With an immediate tax deduction and tax-free growth, a Donor-Advised Fund (DAF) may make sense for your retirement and legacy goals.

Do you want to give money to charity?

While there is generally a tax benefit for doing so, we suggest you should also have a desire (and means!) to give. Having a fully formed retirement plan can help you answer the latter, while only you can answer the former.

What’s the best way to give?

Numerous ways to support a charity exist. You can directly give cash, marketable securities, and other property, usually directly to the receiving charity. In fact, if you are making a modest one-time gift it may be best to donate directly to the charity since the tax deduction is the same.

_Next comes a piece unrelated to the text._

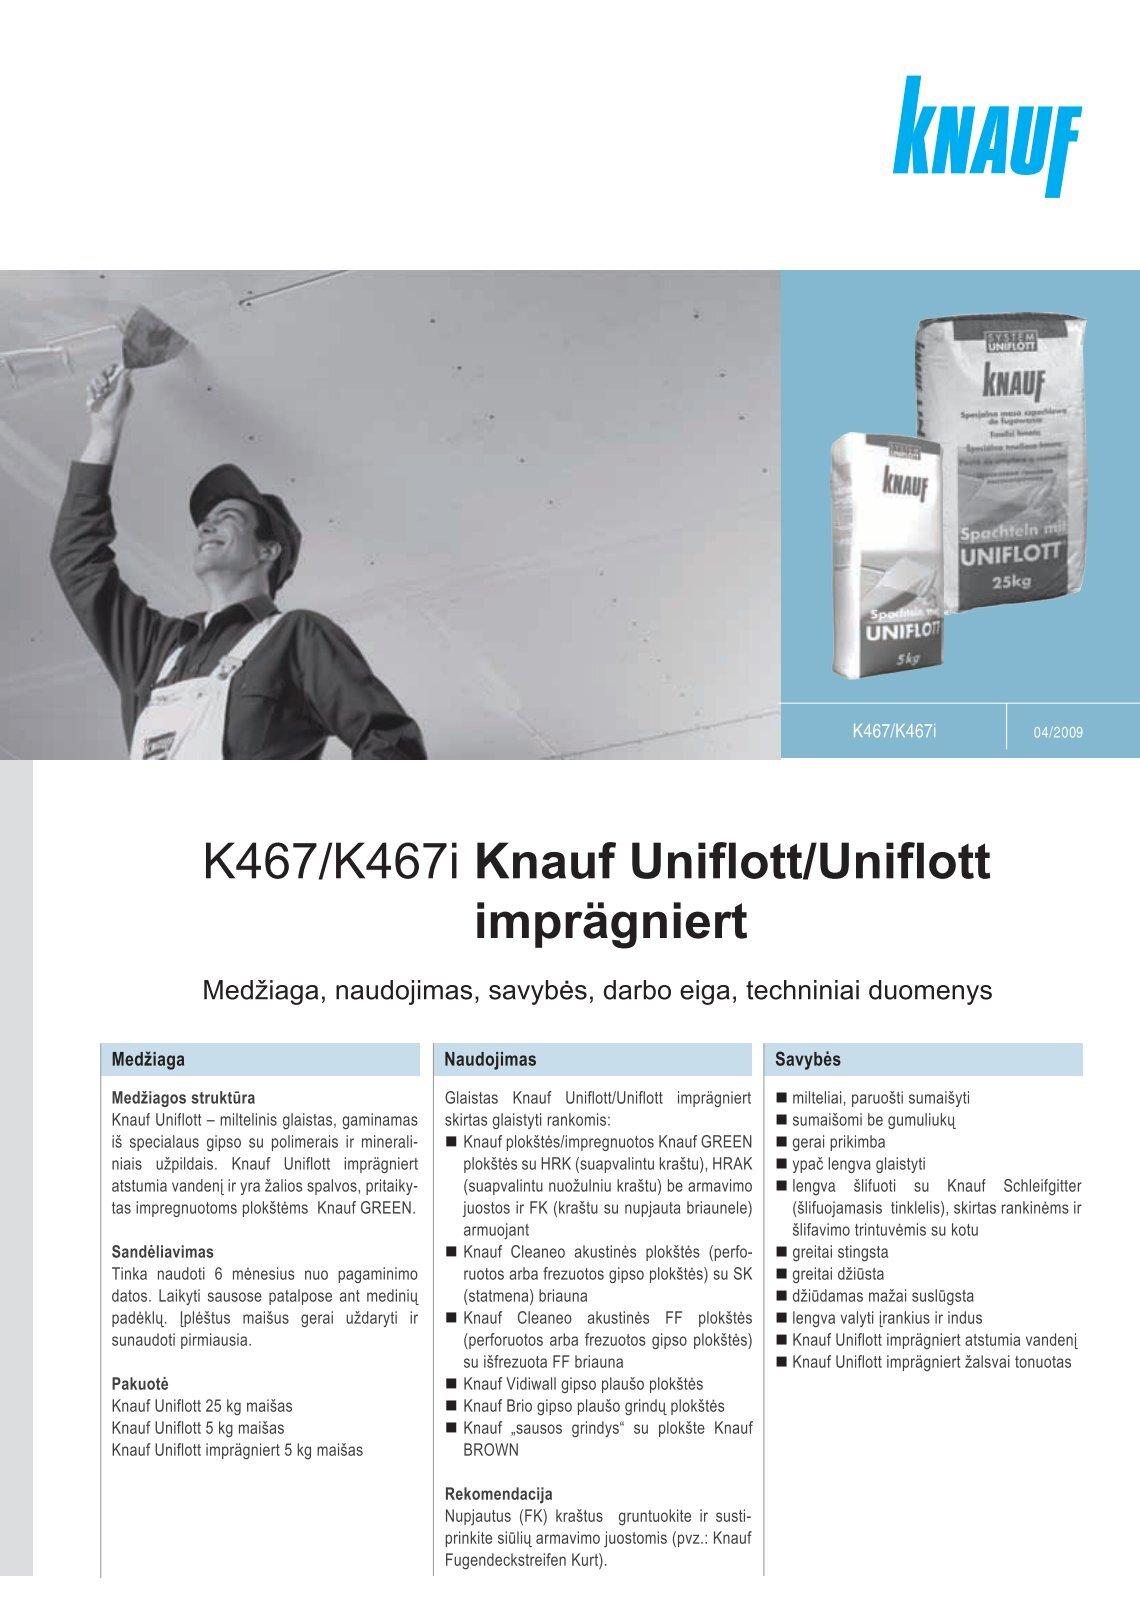 190 free magazines from knauf.lt

On the other hand, a DAF operates like a mini-foundation. It separates the gift and tax-deduction from the organizations which ultimately receive the donation, meaning you can consolidate many years’ worth of contributions to one or more institutions into a single Super Gift!

How Much Can You Give?

If you donate cash, via check, wire transfer or credit card, you’re generally eligible for an income tax deduction up to 50% of your adjusted gross income (AGI).

However, if you have long-term appreciated assets, such as stocks, bonds or real estate, you have an opportunity to further maximize your deduction. By donating these types of assets directly to charity, you generally won’t have to pay capital gains and you can take an income tax deduction in the amount of the full fair-market value, up to 30% of your AGI in the year of the gift, with a 5-year carryover of any unused deduction.

What Can You Give?

Cash is king, so don’t give it away! Where possible, consider appreciated securities from taxable accounts.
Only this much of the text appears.